**Information shown**.
___

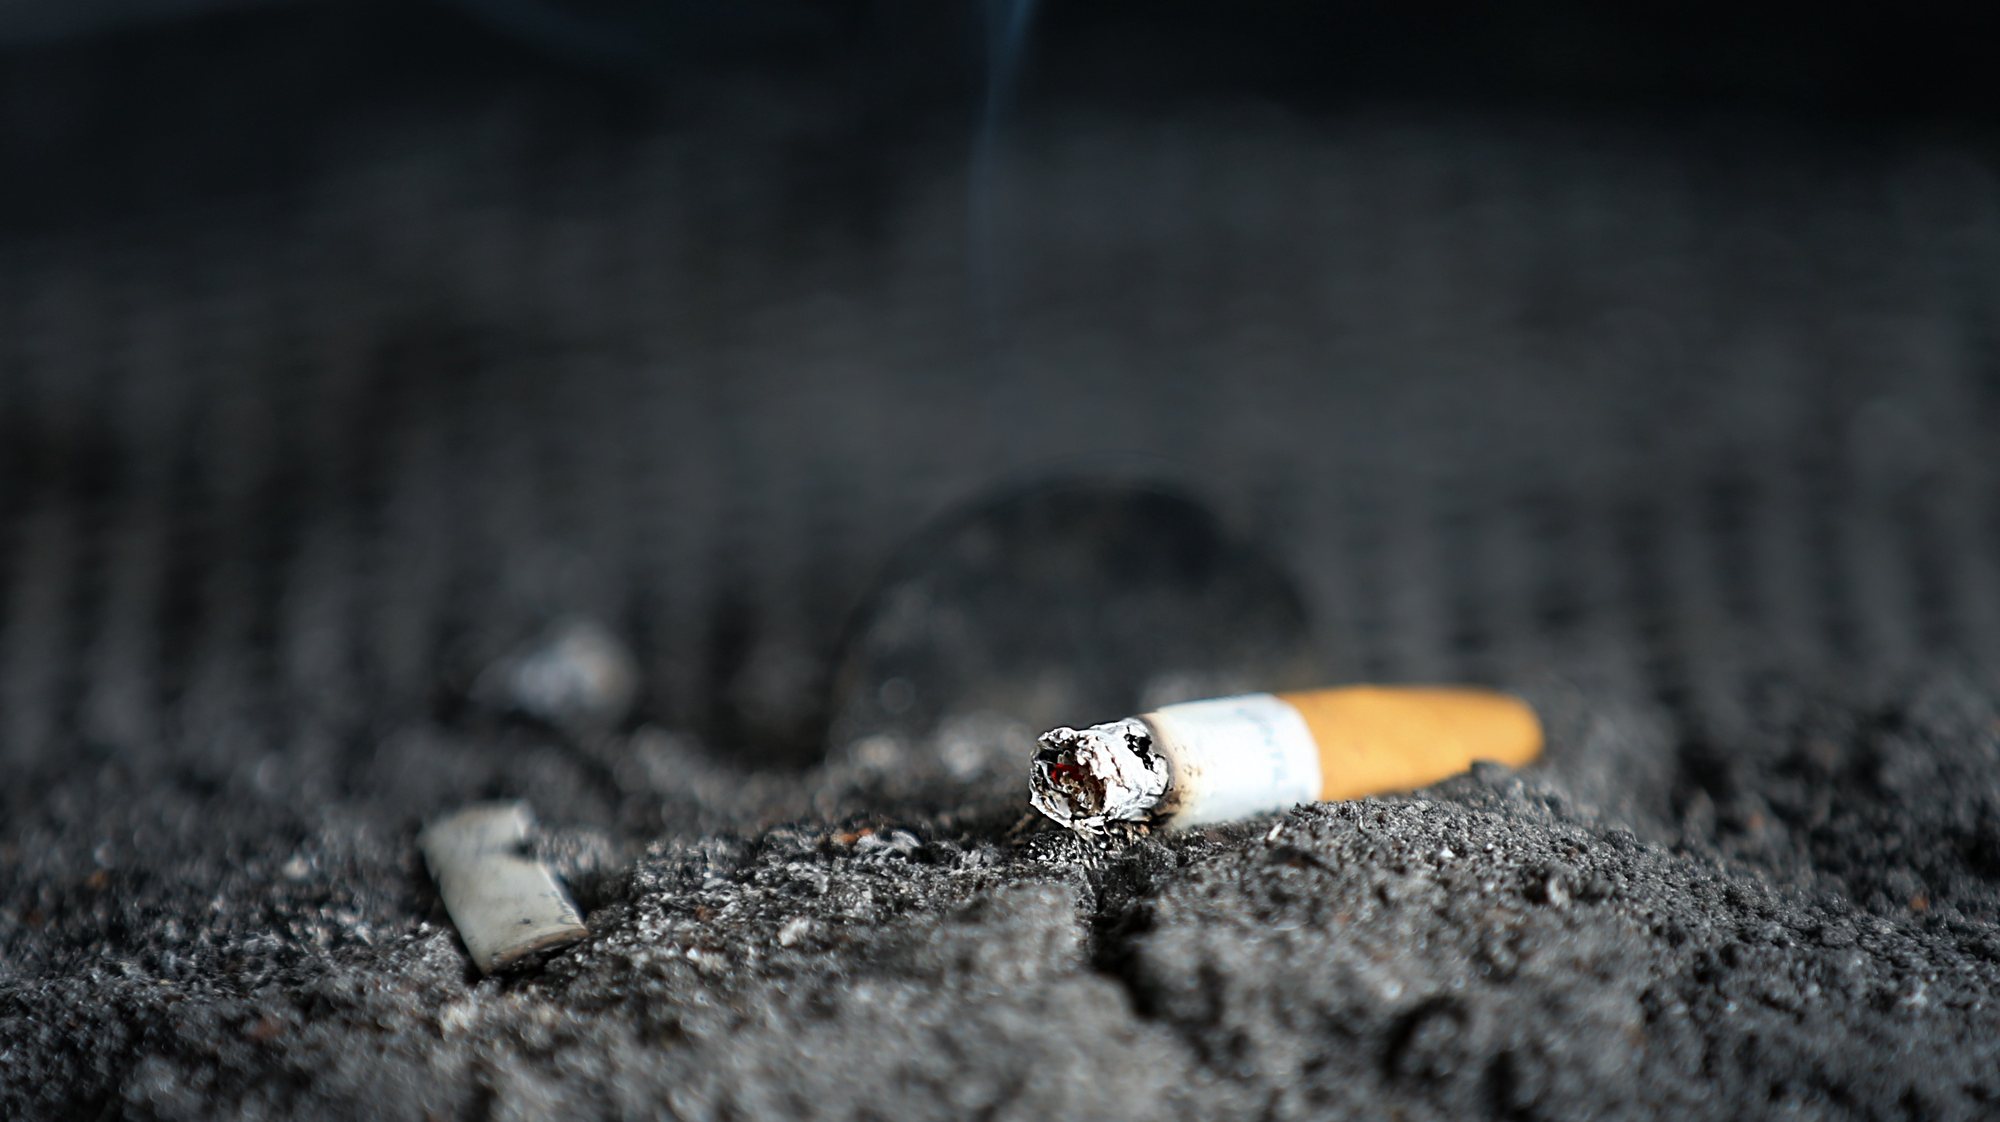 Cinzeiro público com um cigarro, 15 outubro 2019.  MANUEL DE ALMEIDA/LUSA
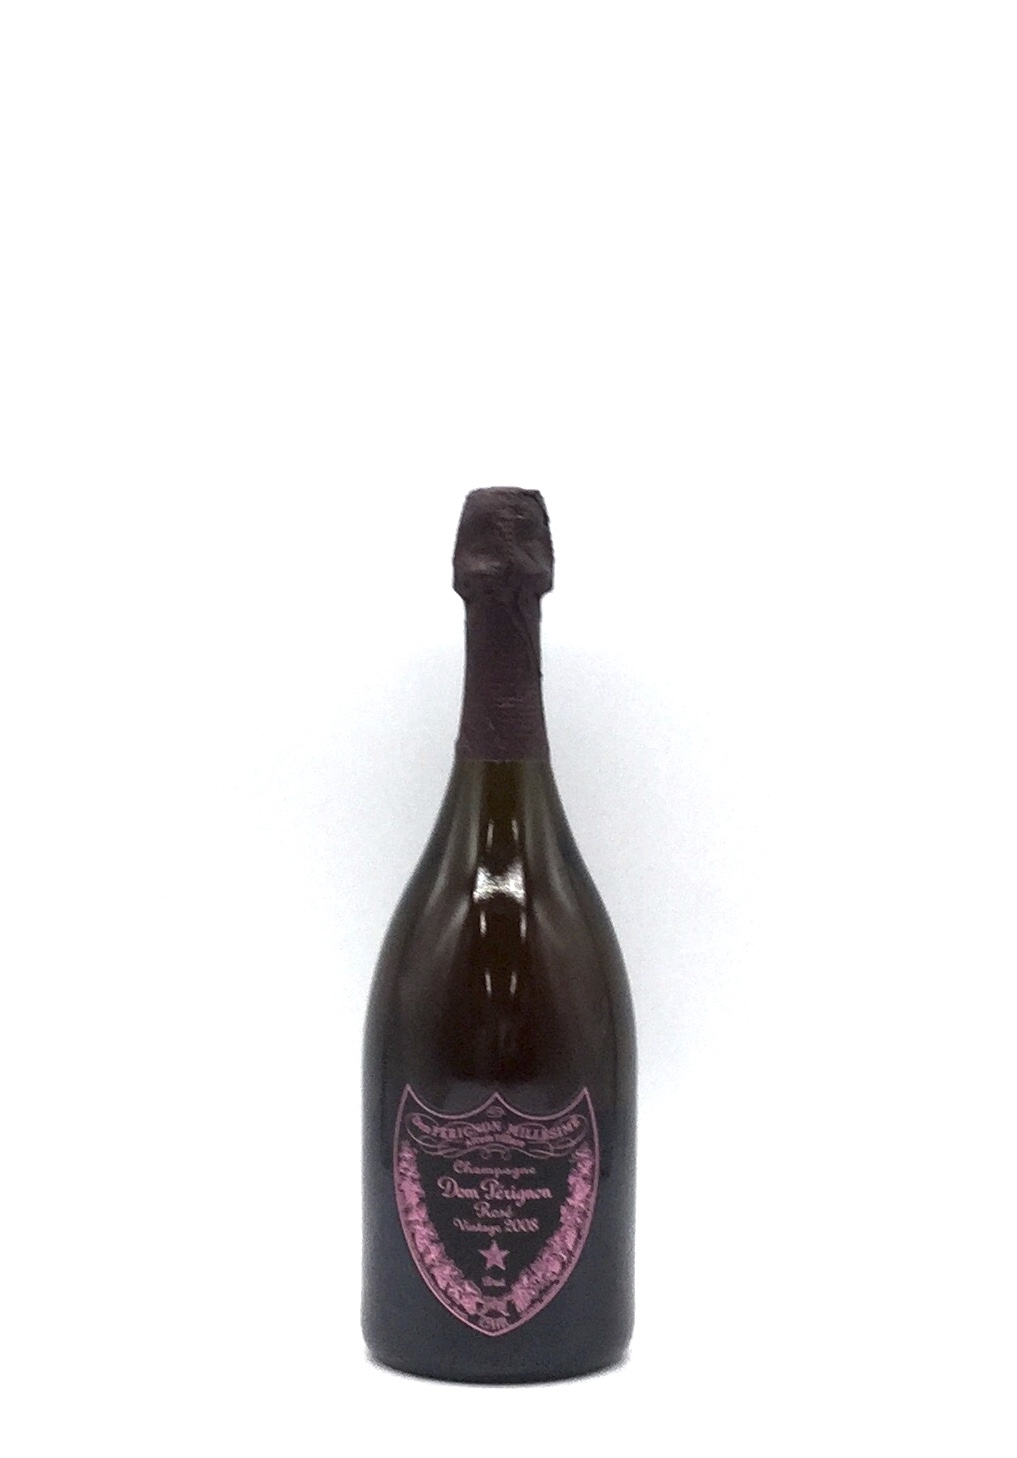 ドンペリドンペリニヨンロゼ 2006 750ml - シャンパン/スパークリング
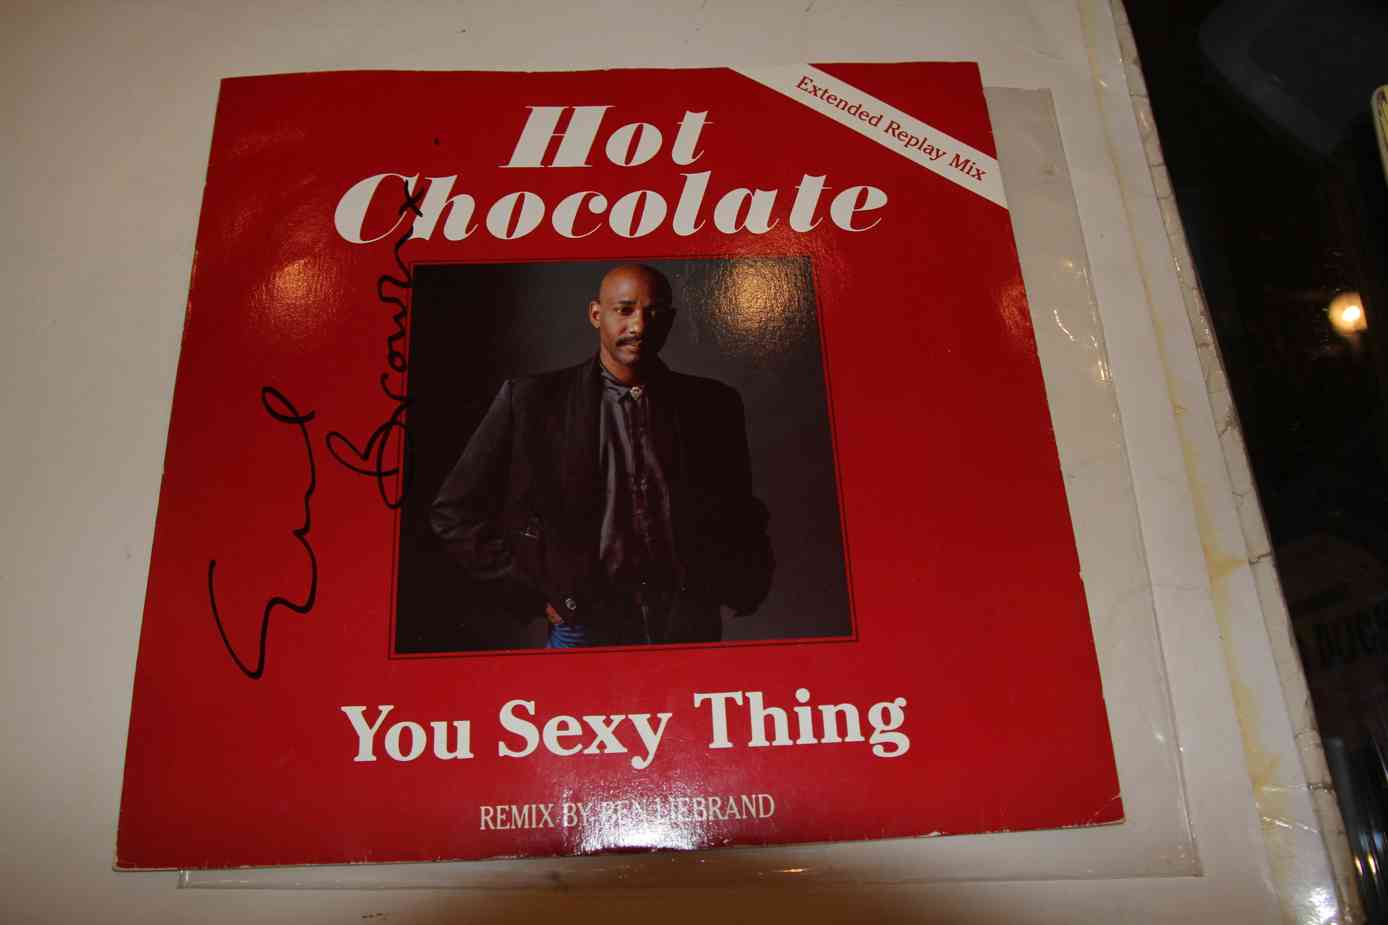 HOT CHOCOLATE - YOU SEXY THING - S ORIGINL PODPISEM ERROL BROWN - Kliknutm na obrzek zavete
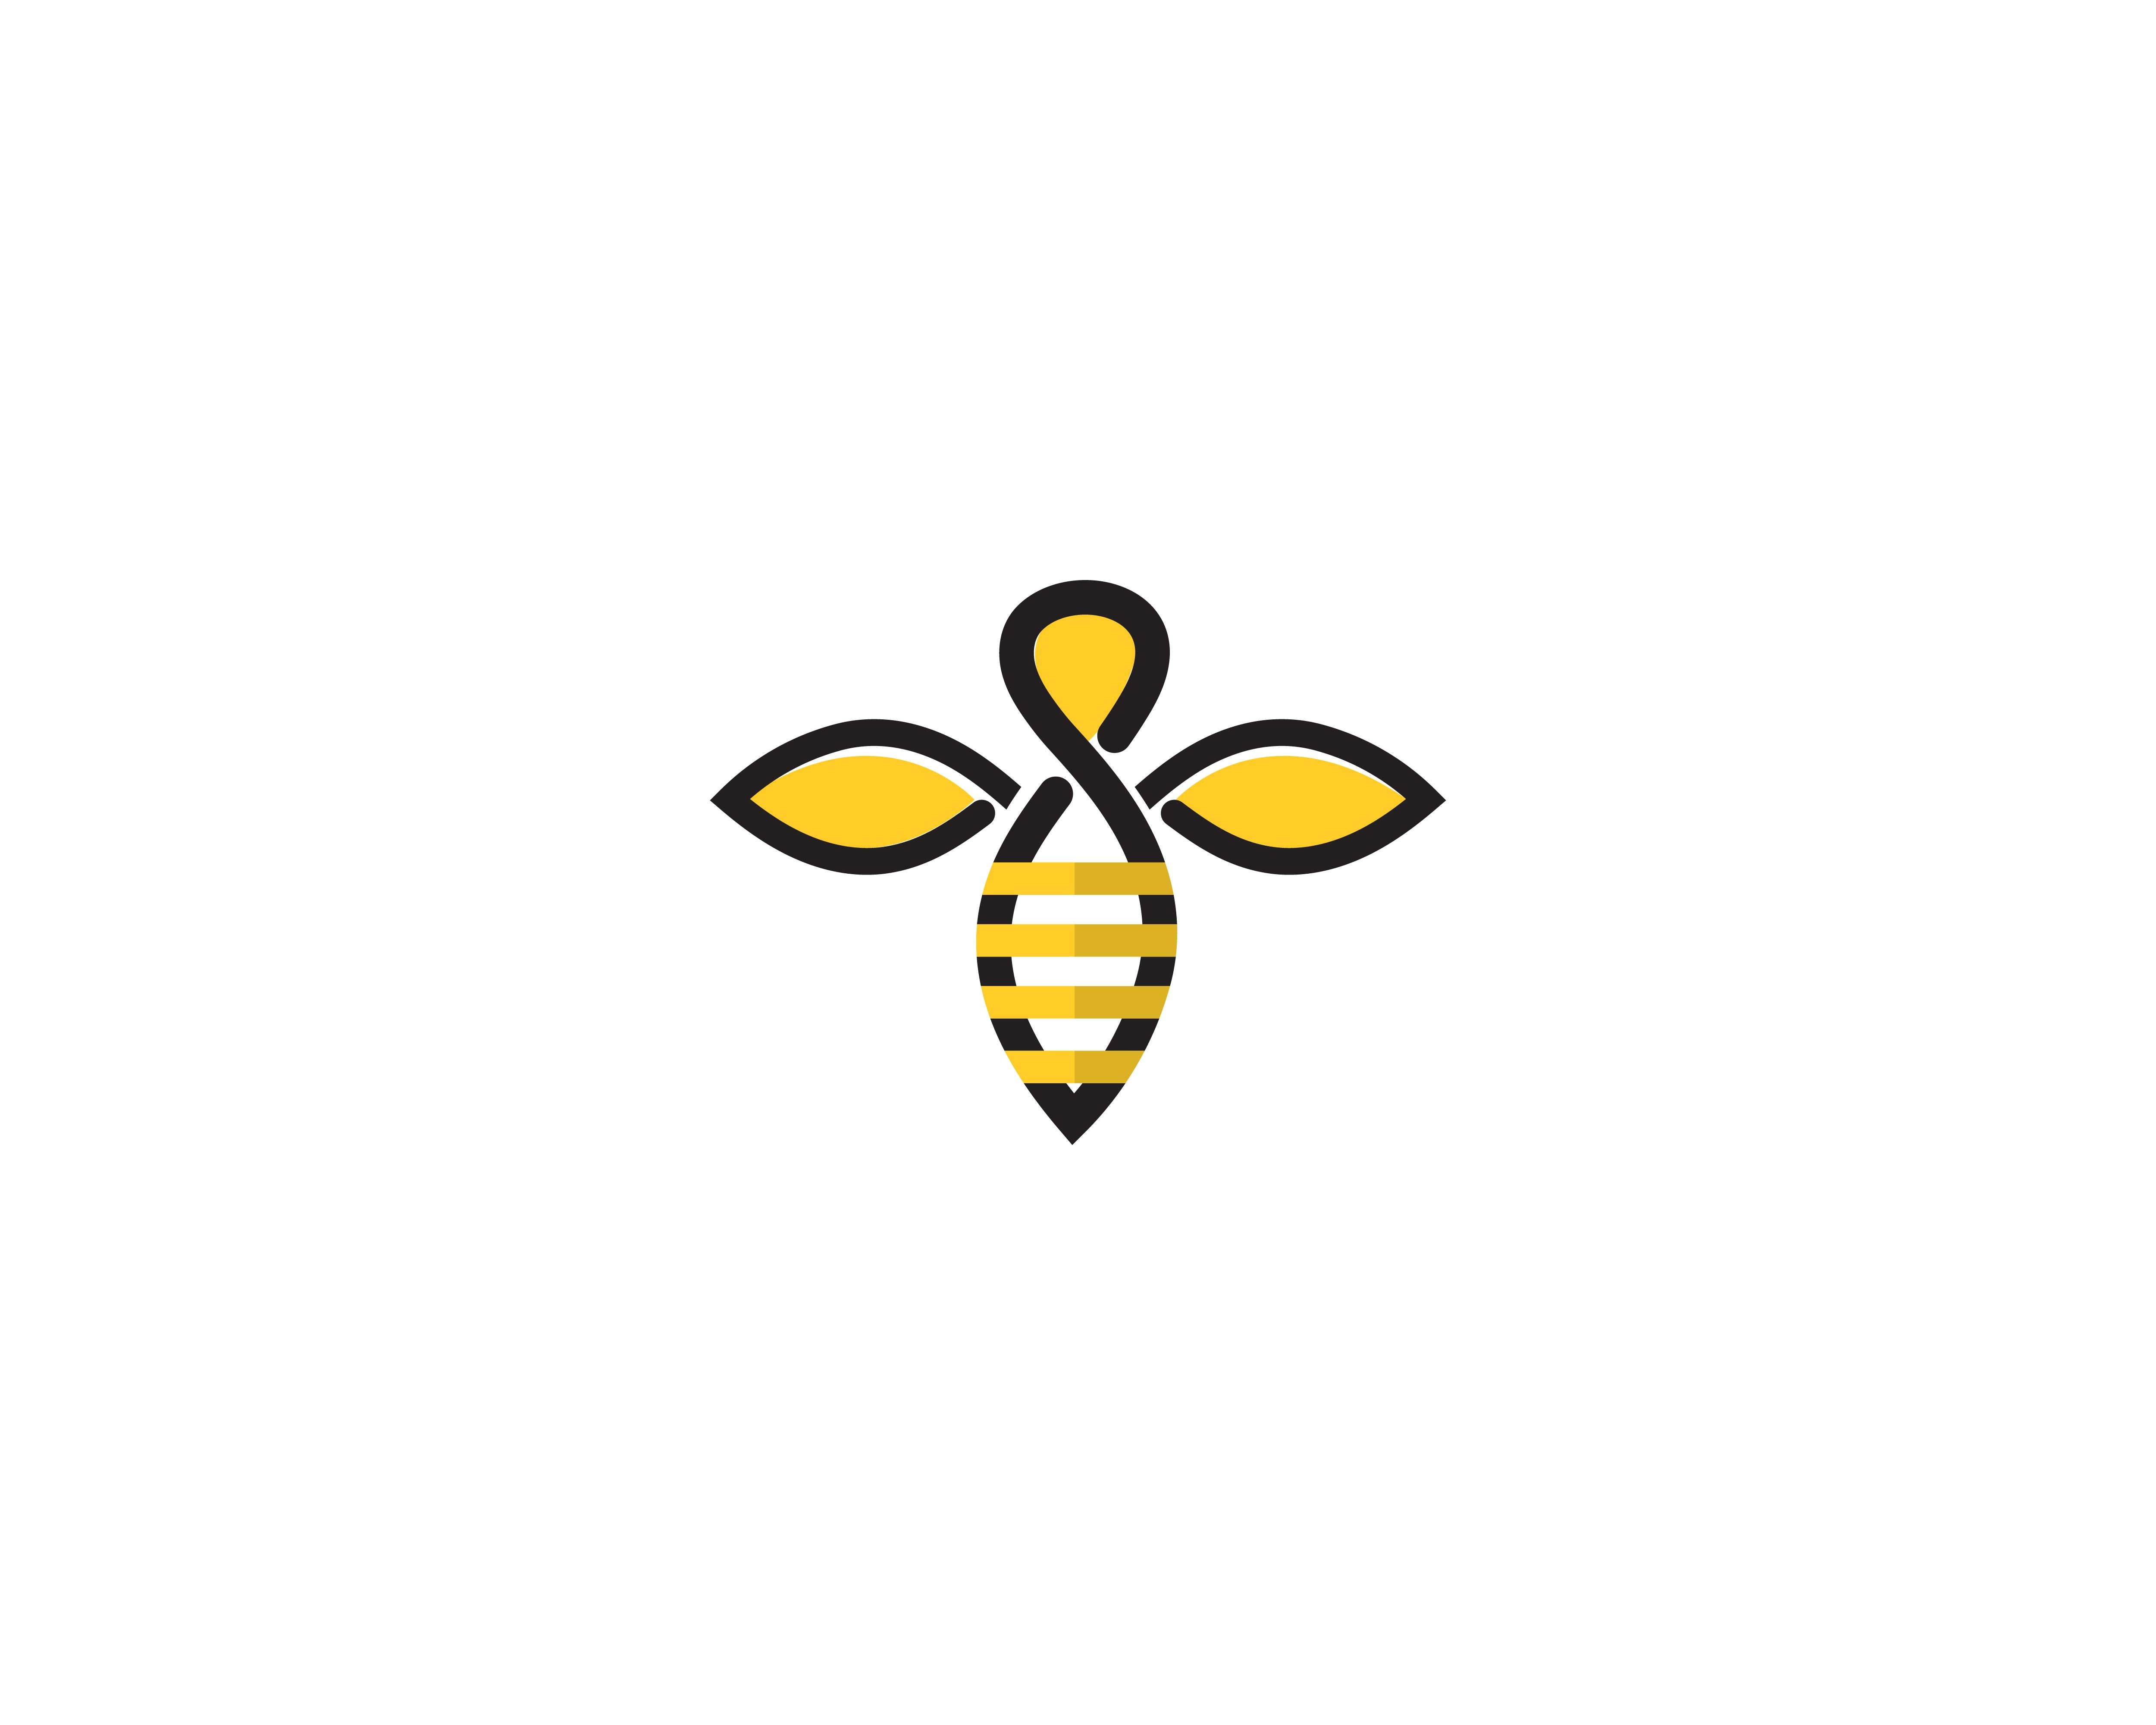 Логотип пчелы в высоком качестве

___

**Task description**.
The aim is an exact repeat of the entire listing, stripped of pictures.

**Reply**.
 Cinzeiro público com um cigarro, 15 outubro 2019.  MANUEL DE ALMEIDA/LUSA
 ドンペリドンペリニヨンロゼ 2006 750ml - シャンパン/スパークリング
 HOT CHOCOLATE - YOU SEXY THING - S ORIGINL PODPISEM ERROL BROWN - Kliknutm na obrzek zavete
 Логотип пчелы в высоком качестве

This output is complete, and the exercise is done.